We cannot express monadic bind with these weak type systems because they do not have higher-order types. What is a higher-order type? A few people with much more time, specialisation and knowledge have done a better job than I am at least willing and probably capable, of doing. Instead, I will attempt to demonstrate what happens when you attempt to generalise monadic bind with a weak type system. Haskell is a purely functional language that does have higher-order types. If we ask a Haskell interpreter for the type of bind (>>=), we get the following:

Prelude> :type (>>=)
(>>=) :: (Monad m) => m a -> (a -> m b) -> m b

This is akin to a Java/C# interface (called Monad) containing one function (>>=) or ‘bind’, however, we will note that there is no analogy for this expression in a weak type system. This fact, along with many others, seems to be quite a hurdle in grasping the very concept of the bind computation itself. If we examine this type expression, we could say that the bind function (>>=) takes two arguments:

  1. a monad with a type parameter ‘a’
  2. a function from ‘a’ to a monad with a type parameter ‘b’

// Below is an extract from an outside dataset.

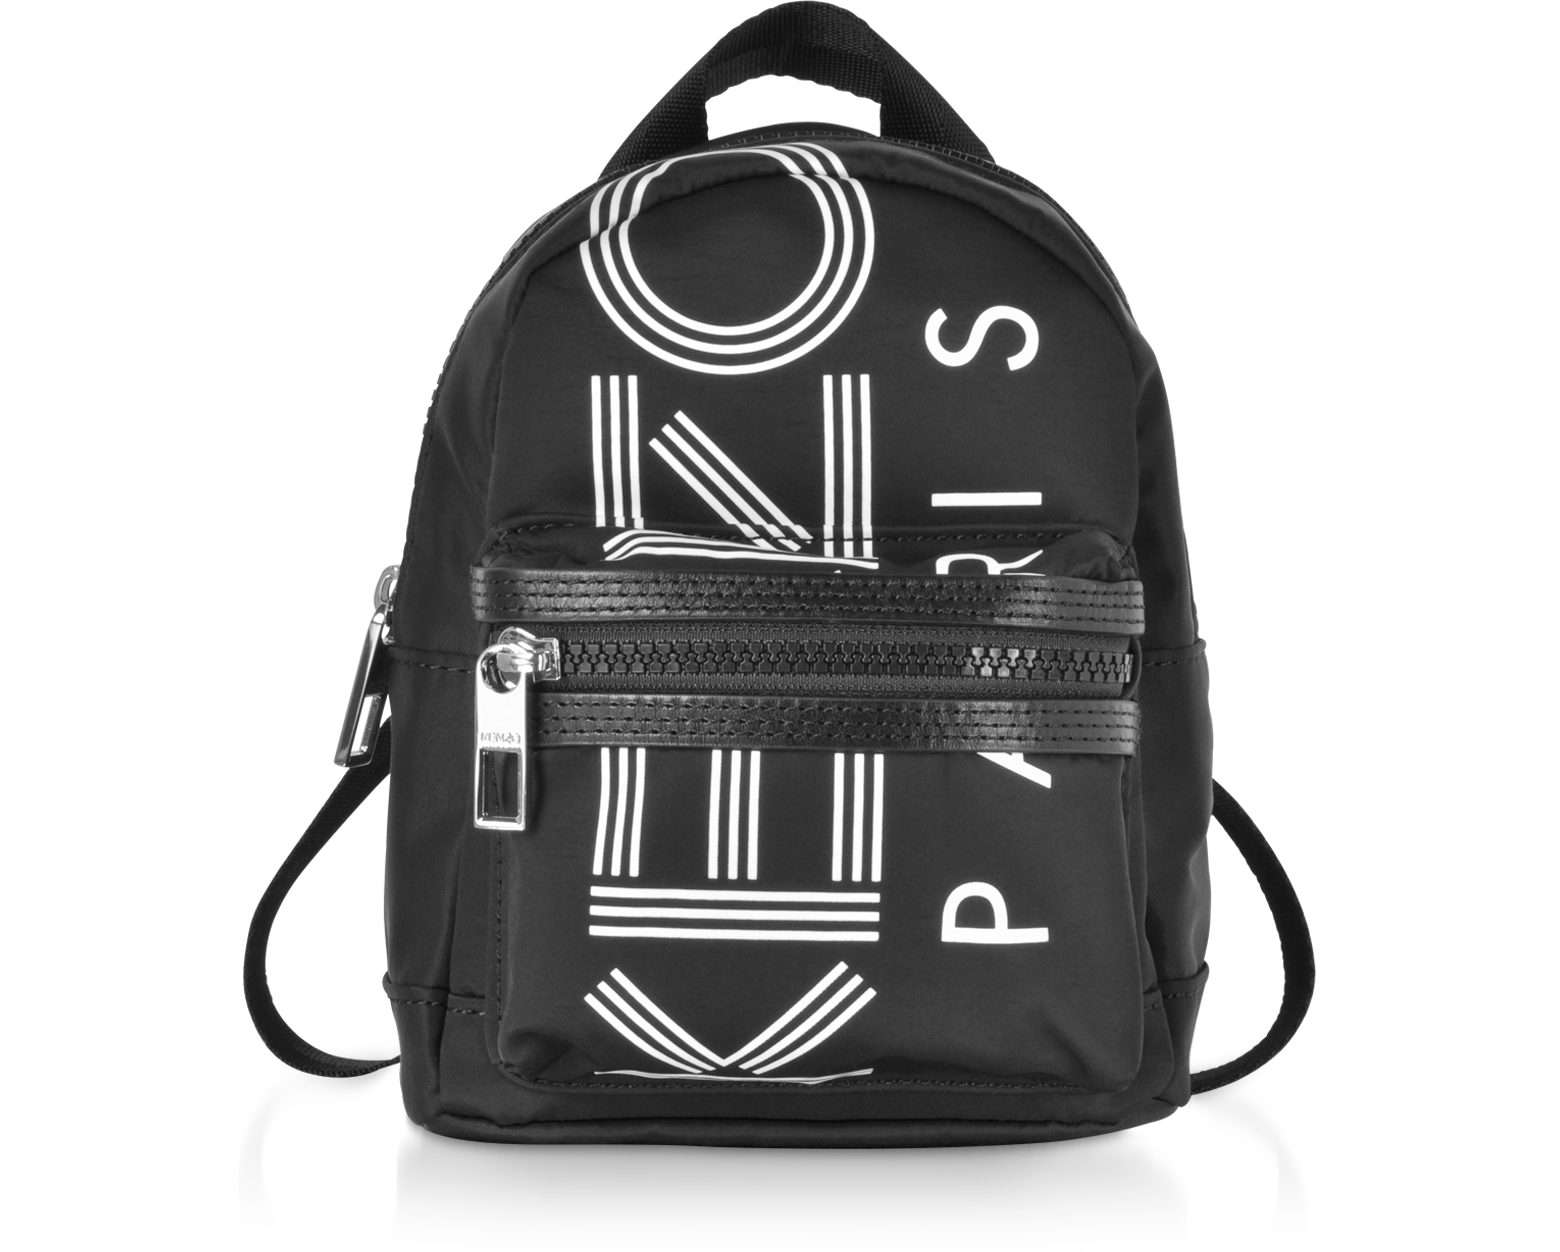 kenzo backpack mini

The function returns a monad with a type parameter ‘b’. ‘Implementing this interface’ would make the class itself an instance of Monad and so itself can be used as the function arguments. This is one of many things that higher-order types gives us.

Let’s attempt this with a weak type system, Java. First, we acknowledge that Java has no first-class functions (cannot pass functions as arguments), but we can loosely emulate it (good enough for our purposes) with a single interface:

interface F<X, Y> {
  Y f(X x);
}

Let’s attempt to write the Monad interface:

interface Monad<A> {
  <B> Monad<B> bind(Monad<A> ma, F<A, Monad<B>> f);
}

Looking good so far. But don’t be fooled — there is a huge problem. Namely, that the interface cannot be implemented correctly. Keeping with tradition, let’s attempt to write the Maybe monad:

final class Maybe<A> implements Monad<A> {
  // BZZT! WRONG!
  Maybe<A> bind(final Maybe<A> ma, final F<A, Maybe<B>> f) {

We hit our first problem, can we work around it? In Java, we have co-variant return types, but we do not have higher-order types. This means that we can keep our return type declaration, but not the types of our arguments — they must match the interface. Then, we can resort to casting — an abomination that indicates a flaw of the type system.

Let’s try again:

final class Maybe<A> implements Monad<A> {
  public <B> Maybe<B> bind(final Monad<A> ma, final F<A, Monad<B>> f) {
    if(ma instanceof Maybe) {
    ...

This solution works, but we have to admit to having to work around the type system by resorting to casting. As a result, I will no longer call it a solution, but instead, it is a work around — a flaw in the expressitivity of the type system. The lack of higher-order types in common type systems is one of many problems with quite devastating consequences. In attempting to model a fundamental computational concept, we find that the type system of Java (and many other programming languages with weak type systems) is not a sound premise from which to extrapolate conclusions about type systems in general. If we were to do so, we would be making a fundamental mistake. In fact, this particular problem is one that dynamic typing appears to solve. But don’t let these superficial appearances delude you. A stronger type system is the correct solution.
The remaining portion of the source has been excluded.